I’ve probably spent more time playing NHL 97 (albeit on the Playstation) than any other hockey game on any system. In fact, it was one of the main reasons that I finally upgraded to a Playstation from the Sega Genesis.
When it came time to review the Saturn version of this game, I was worried that the game would be an inferior port, due to the Saturn’s bad reputation for handling 3D games. Thankfully, this is not the case.
While NHL 97 looks very bad compared to subsequent EA hockey games, for its time the game was a real leap forward from the 16-bit generation. The players are all large and fully polygonal, but the low polygon count takes away a lot of the detail. The glass over the boards looks more like a window screen, but the boards themselves are covered in advertisements which helps add to the realism of the game. Some of the proportions in the game seem off, such as the ice being too small and the nets being too narrow.
The crowd noise is nearly nonexistent, making you feel like you’re playing in an empty arena, but the sound effects are quite good. I especially like the sound the puck makes when it hits a post. The game has no play-by-play or color commentary (the NHL series would get that the following year), and instead has John Davidson acting as both the arena announcer and commentator, but he only shows up before and after the game and during intermissions. His comments are all done using full motion video, and due to the relatively small number of videos his comments are always vague and often out of place. Still it had a cool “wow” factor in its day.
Continuing the style of the latter 16-bit games, NHL 97 is fast-paced. Skaters zip around the ice quickly and deliver hard body checks. Shots are for some reason very slow, unless you take the time to really wind up first. The games responsive controls and crisp passing make it fun to play, and I only get frustrated when my goalie lets in a softie, which unfortunately happens more often than it should.

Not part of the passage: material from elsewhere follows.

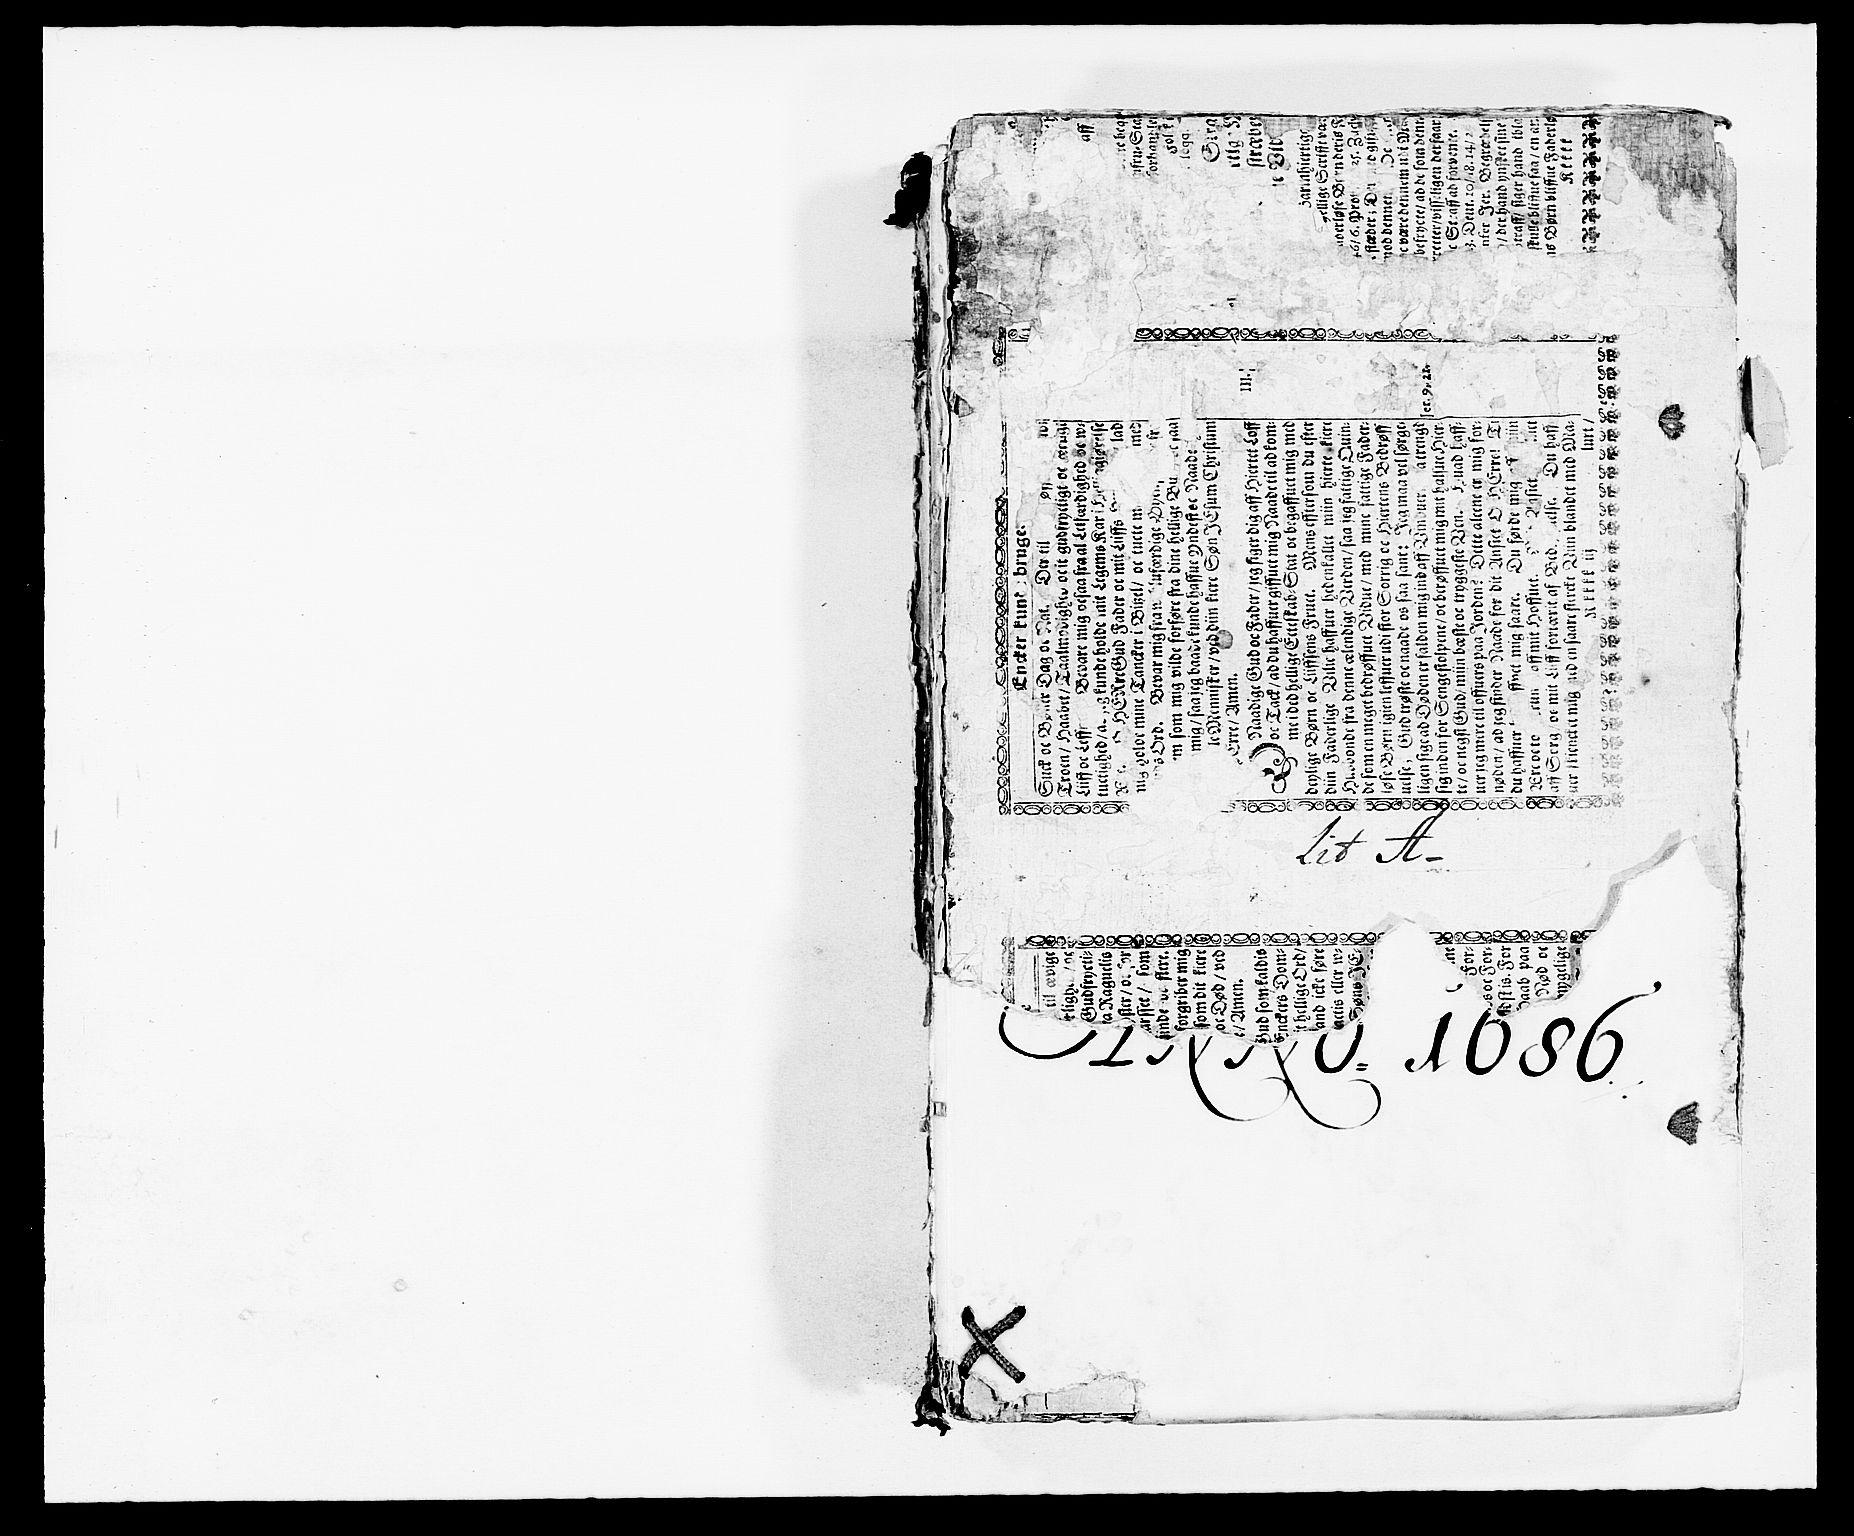 RA, Rentekammeret inntil 1814, Reviderte regnskaper, Fogderegnskap, R16/L1027: Fogderegnskap Hedmark, 1686, s. 21

I love stat tracking, and this game offers plenty of it.
Like most hockey games, it offers exhibition, full season, and playoff modes, as well as player creation, trades, free agent signings. It also includes a shootout mode which can be useful for practicing breakaway shots and manually controlling your goalie. Among the multiple camera angles available is a helmet cam which while not very useful is cool to check out in that it was not possible on the 16-bit systems.
NHL 97 is easily the worst 32-bit game in EA’s NHL franchise, but I would still much rather play it than any of the 16-bit iterations.